The central caveat in considering our findings, as with most previous reports, is the substantial risk of spurious association (Sullivan, 2007). The STAR*D genetics cohort is being studied independently by multiple groups, using both candidate-based and genome-wide approaches. While we focused on a limited number of hypotheses and used permutation to control error at the experiment-wise level, which accounts for examining multiple SNPs in multiple genes, replication is essential before clinical application could be contemplated. We also cannot fully account for effects of population stratification, although we found no evidence of confounding using subgroup analyses or ancestry-informative markers. Our analyses were restricted to a single cohort because we could identify no adequately powered cohort of SSRI nonresponders available for comparable study. Given the high clinical significance of treatment resistance, collection of such cohorts for pharmacogenetic studies is sorely needed. In addition, as the SNPs in KCNK2 were selected to capture common variation rather than because any have an obvious function, further study will be required to identify ‘causal’ SNPs. We note that significant evidence of association was detected for one promoter SNP, with more modest evidence for a synonymous coding SNP.

In the absence of a placebo arm, we also cannot determine whether the observed associations are truly treatment-specific. Indeed, the tests for heterogeneity of odds ratios across strata indicate that the associations are not limited to individual treatment strategies. However, the absence of association in level 1 does suggest some degree of specificity; if KCNK2 SNPs were associated with shorter episode duration, for example, we would have expected to see effects at level 1 as well.

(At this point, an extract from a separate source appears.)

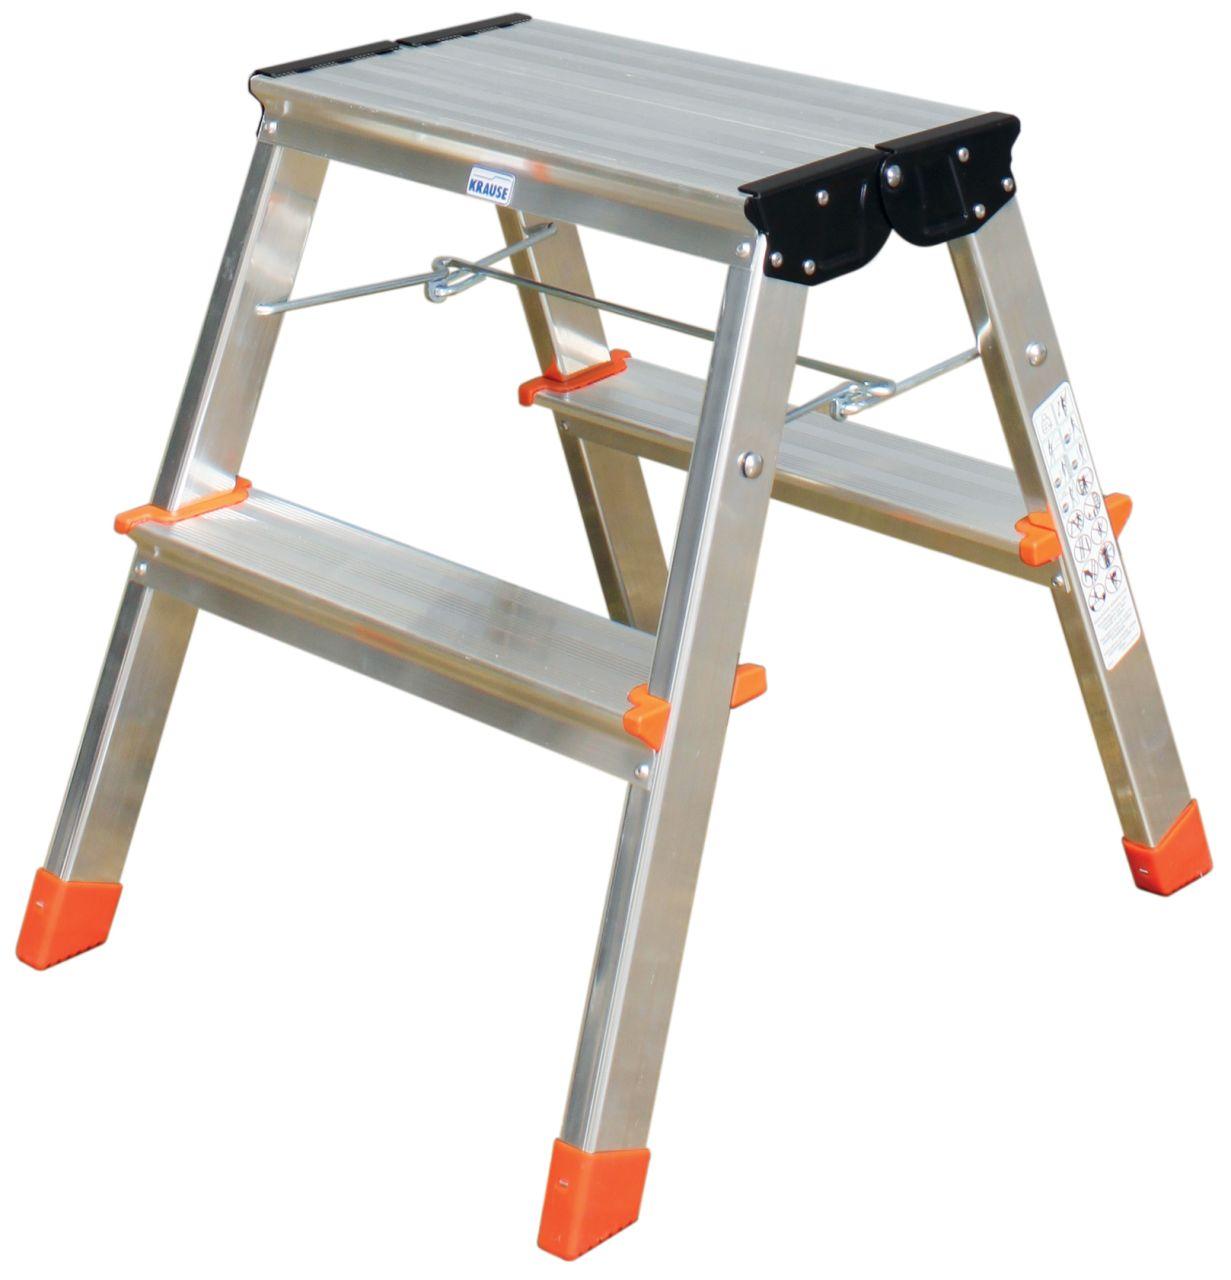 Schodki dwustronne składane Treppy. Lekkie, aluminiowe schodki dwustopniowe do prac na niedużej wysokości, oferujące wygodną platformę roboczą

Clinically, treatment-resistant depression, typically defined as the failure to respond to at least two antidepressant trials of adequate dose and duration (Souery et al, 2006), is prevalent (Fava and Davidson, 1996) and has important and worrisome implications (Fava, 2003). Treatment-resistant MDD contributes substantially to the costs and disability associated with MDD (Crown et al, 2002). In the STAR*D clinical cohort as a whole, individuals who did not adequately benefit from the first two treatments had less than a 15% likelihood of responding to subsequent interventions (Rush et al, 2006b). If these high-risk individuals could be identified by combining previously reported tests associated with poorer SSRI response (McMahon et al, 2006; Serretti et al, 2006), with one based on the present findings, they might be stratified to more aggressive or intensive early treatment.

More broadly, these results suggest the utility of animal models of antidepressant treatment in identifying candidate genes for study in humans. Particularly, in the context of previous animal studies implicating KCNK2 in antidepressant response, our results further highlight the potential importance of this gene in understanding antidepressant response in humans.